また、日本の大都市は東京と大阪だけではない。他の都市との比較はどうなのか。特に、今年5月には神奈川県が大阪府を抜いて都道府県人口2位になっているのに。
どうも、当然明らかにされるべき数字が伏せられており、作為的なものを感じる。
さらに、

「警視庁が逮捕した私立札幌大の学生らによる振り込め詐欺の犯人は「東京は金持ちが多いと思った」と供述。一方、大阪府警が先月23日に逮捕した犯人は「大阪人は電話しても無駄が多い。なかなかひっかからない」とぼやいたという。
 このあたりに“被害格差”の原因がありそう。府警によると、電話をかけてきた犯人に「あんさんは、誰だんねん」「うちの息子は『オレオレ』いう名前とちゃいま(違います)」と、逆に質問攻めにして撃退したケースが多いという。」

というが、「このあたり」とはどのあたりか。「東京は金持ちが多いと思った」と「なかなかひっかからない」は対応していないのに、無理矢理つなげている。「このあたり」は「なかなかひっかからない」を受けたものなのだろうが、では前段の「東京は金持ちが多いと思った」には何の意味があるのか。暗に、大阪は金持ちが少ないと言いたいのか。ならばそう書けばいいのに。実際、データとしてはどうなのか。当然比較すべきではないのか。それを、人間関係が濃密だの目標を持った生き方が大事だのと、東京人の大阪観で無理矢理まとめている。一見ほめてるからといって、だまされまい。
ちょっと調べたら、5月6日の毎日新聞にも似たようなの記事が載っていたようだ。しかも、他都市との比較も含めて。元記事は残っていないが、引用している方の記事がここに(「~じょいなす~ NEWSの女王」さん)。
こちらは一応東京人批判になるんだろうけど、「だまされやすい」「お人好し」って、なんかいい人みたいですなあ。

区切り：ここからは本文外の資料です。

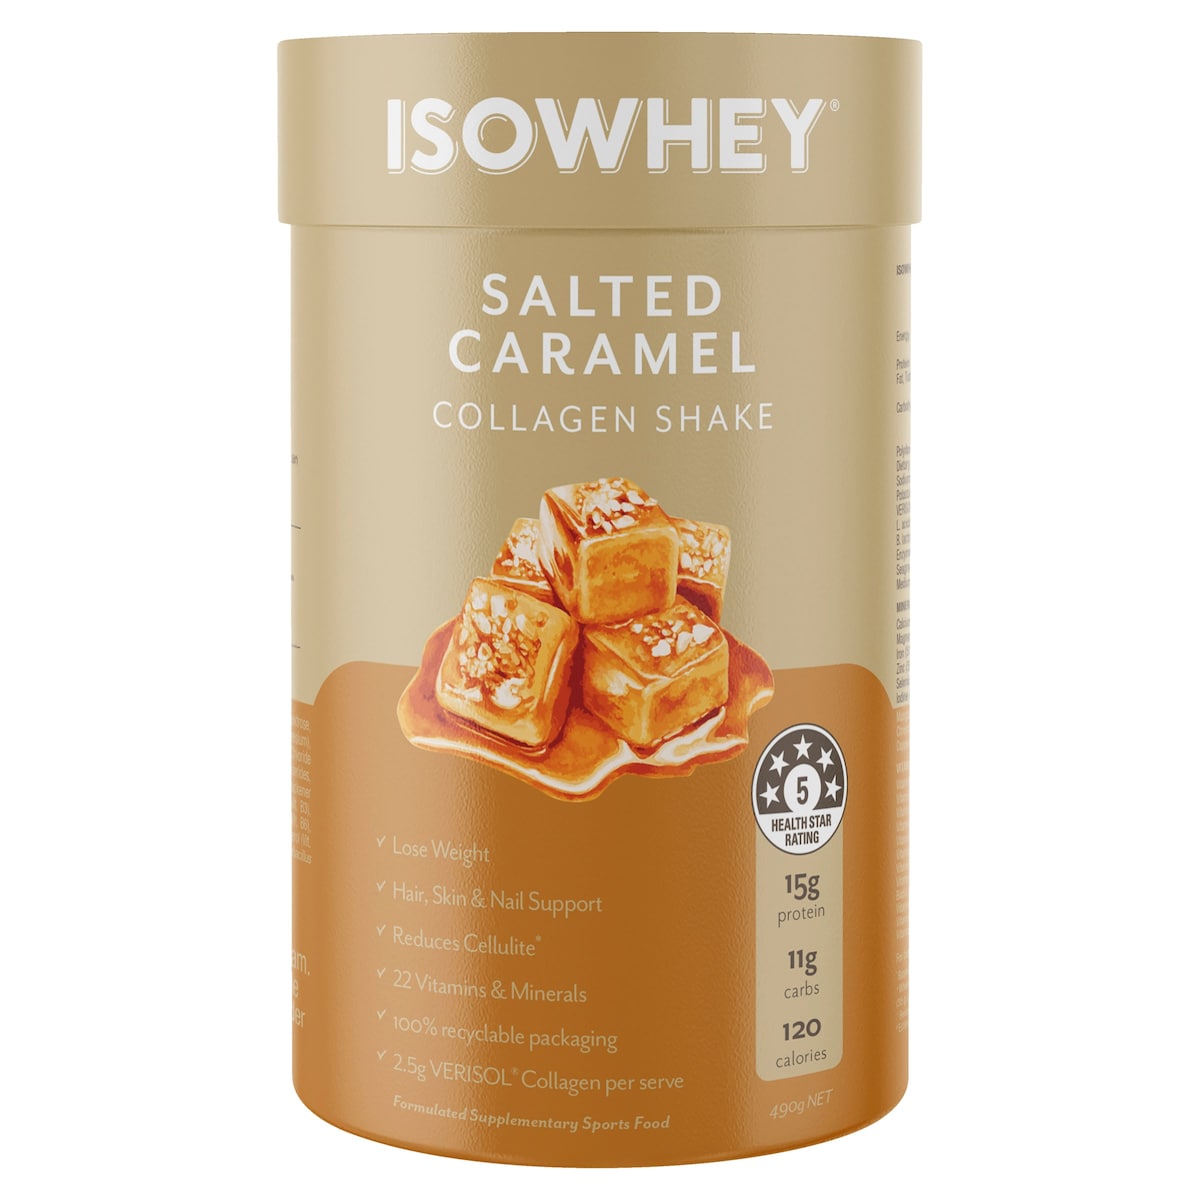 Isowhey Salted Caramel Collagen Shake 490g Australia

ほんとかなあ。
しかし、比較の対象が、東京、大阪、愛知、北海道って、何で北海道? 普通こう来ると最後は福岡じゃないの? 福岡のデータを出すと論旨が崩れるような問題でもあったのではないだろうか?
さらに、この記事にコメントを寄せている「だで」さんがおっしゃっているように、だまされなかった人も含めた全体の電話件数がわからないから、単純に比較できないよな。全体の電話件数とだまされた件数の比較では、東京も大阪も似たようなものになるかもしれない。もっとも、だまされなかった人はあまり警察に通報しないだろうから、全体の正確なデータというのはないのかもしれないが。
さらに昔の記事で、これも元記事はなくブログからの引用なのだが、大阪で件数が少ないのは犯人達が大阪弁を使えないからという説もあった(「13Hz!」さん)。
なるほどそういった理由もあるだろうな。
さらに、上記の毎日の記事について、これが東京と大阪が逆の立場なら、決してこうした記事にはならないだろうと批判し、「大阪の記事見出しでよくやるように、【 振り込め詐欺 : 東京ワースト】 と、するべきである。」
と主張する、鋭いサイトも(「東京マスコミの偏向報道」さん)。
このサイト、東京中心のマスコミ報道の偏向ぶりを実例を挙げて暴いていて、なかなか興味深いです。